Pero sabía que no podía pedirle a Jillian que se convirtiera al islam por mí. Decidí dejar de pensar que tenía que casarme con alguien de mi misma fe. Ella y yo teníamos valores similares: eso era lo que iba a hacer que funcionara nuestra relación.
Me comprometí a hacer las solicitudes como pareja con Jillian. Sin embargo, convencer a nuestros padres de que nuestra relación funcionaría iba a requerir mucho trabajo.
Jillian conoció a mis padres por primera vez cuando fuimos a su casa en Oshkosh, y yo me alegré de que mis padres no me echaran por llevar a casa a alguien que no creía en la shahada, o la fe. Eso me entusiasmó, pero cuando nos fuimos, Jillian parecía angustiada.
Durante la cena, mi madre había dicho: “¿Dos médicos? ¿Cómo van a tener hijos?”. Y cuando terminamos, mi padre le dijo a Jillian: “Podrás casarte con mi hijo cuando te hagas musulmana”.
En el viaje de vuelta a Madison, Jillian me dijo: “No puedo hacerme musulmana solo para casarme contigo”.
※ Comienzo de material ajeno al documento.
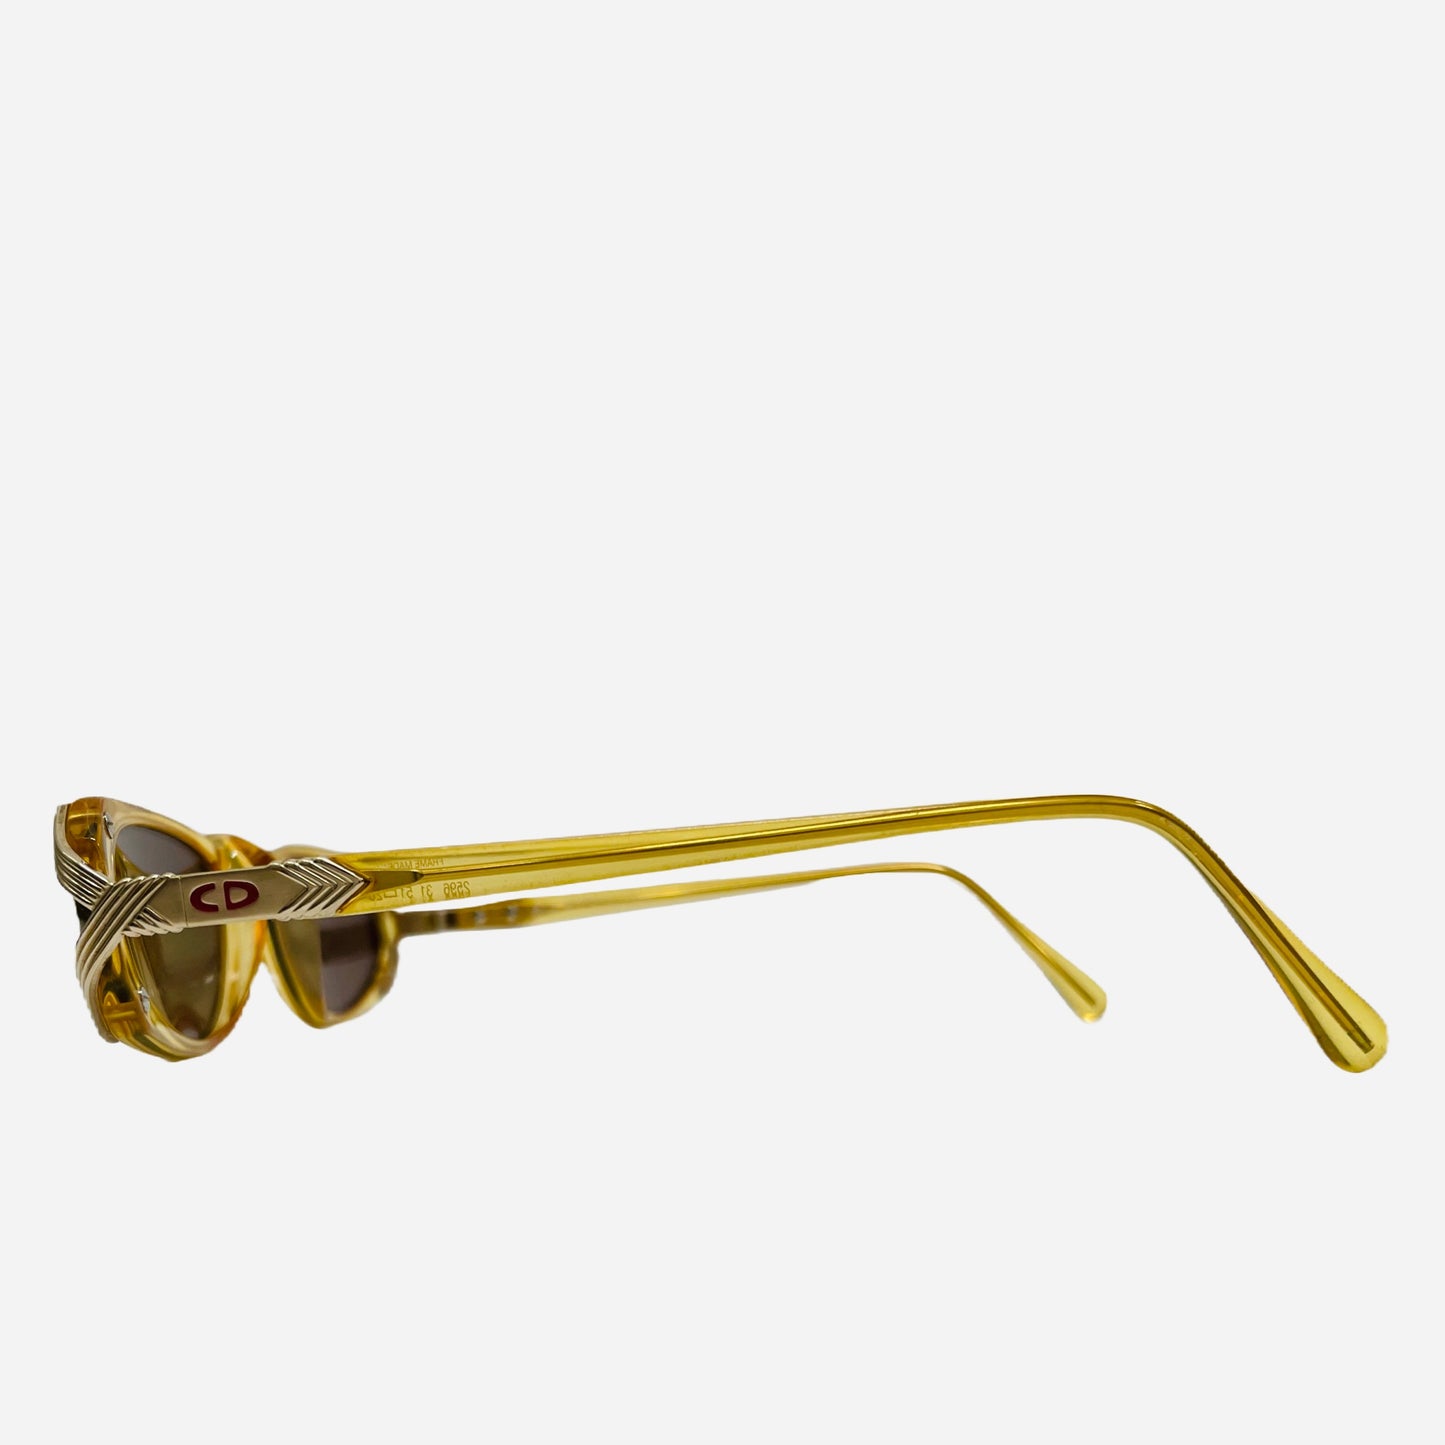 Vintage-Christian-Dior-Sonnenbrille-Sonnenbrille-2596-Optyl-the-seekers-side-1

“Está bien, no tendrás que hacerlo”, le dije.
“¿Pero cómo?”.
Era la primera vez que mis padres la veían, pero sabía que, si la conocían, no podrían oponerse razonablemente a que nos casáramos. Verían en ella lo mismo que yo: una persona amable, cariñosa y con talento.
Ya no pretendía que Jillian se convirtiera al islam; solo quería que lo entendiera. Así me entendería a mí y a mi familia. Necesitaba que entendiera que yo había crecido comiendo solo carne preparada según la tradición islámica, es decir, nada de Big Mac. Para tener carne halal, mis padres sacrificaban pollos en nuestro garaje.
Al final, al pasar tiempo con mis padres y cocinar con mi madre en su cocina, Jillian se ganó su aprobación.
El padre de Jillian era otra historia. Cuando ella le contó su intención de casarse conmigo, él le dijo: “Estás cometiendo un gran error”.
Bob no participó en ninguno de los primeros encuentros con nuestra familia. Mis padres y la madre de Jillian, Mary (ella y Bob estaban divorciados), se llevaban bien porque Mary se interesaba de verdad por otras personas y le gustaba hablar con mis padres.
Bob quiso reunirse conmigo cuando Jillian y yo dejamos claras nuestras intenciones de casarnos. Quedamos de vernos en un pequeño restaurante mexicano de Green Bay. Pedimos burritos y me habló de sus preocupaciones.
Bob temía que su hija se casara con alguien que la obligara a hacer cosas que ella no quería. Imaginé que temía que la obligara a llevar burka o adherirse a la ley islámica, algo que era habitual en las noticias en aquel momento. Me di cuenta de que era su forma de cuidar a su hija.
Intenté responder a las preocupaciones de Bob, dejando mi ego a un lado, pero es difícil e incómodo tratar de refutar las percepciones negativas que alguien tiene de ti. Le aseguré a Bob que en la casa donde crecí, mi madre era el pegamento que mantenía unida a nuestra familia. Jillian sería igual.
A pesar de mis garantías, Bob no estaba convencido, y me di cuenta de que no iba a ser capaz de convencerlo. Y eso estaba bien.
Después de que Jillian y yo postulamos como pareja y nos asignaron juntos las residencias de medicina en las Ciudades Gemelas, en la zona de Mineápolis, nos casamos en una pequeña ceremonia en la sala de la casa de mis padres a la que asistieron 10 personas, entre ellas la madre y la abuela de Jillian. Bob no asistió.
Nueve años después, Jillian y yo tenemos dos hijos que tienen el regalo de haber sido criados por padres de dos países diferentes, dos tradiciones diferentes y dos religiones diferentes. En cuanto a Bob, nos visita de vez en cuando, adora a sus nietos y me llama “un buen tipo”. Mi esperanza para mis hijos es que aprendan de nuestro ejemplo y se conviertan en seres humanos compasivos que aceptan a los demás. A eso lo llamo ejercer mi hombría musulmana.
Istiaq Mian, especialista en medicina hospitalaria en Madison, Wisconsin, está escribiendo un libro de memorias acerca de sus estudios de medicina.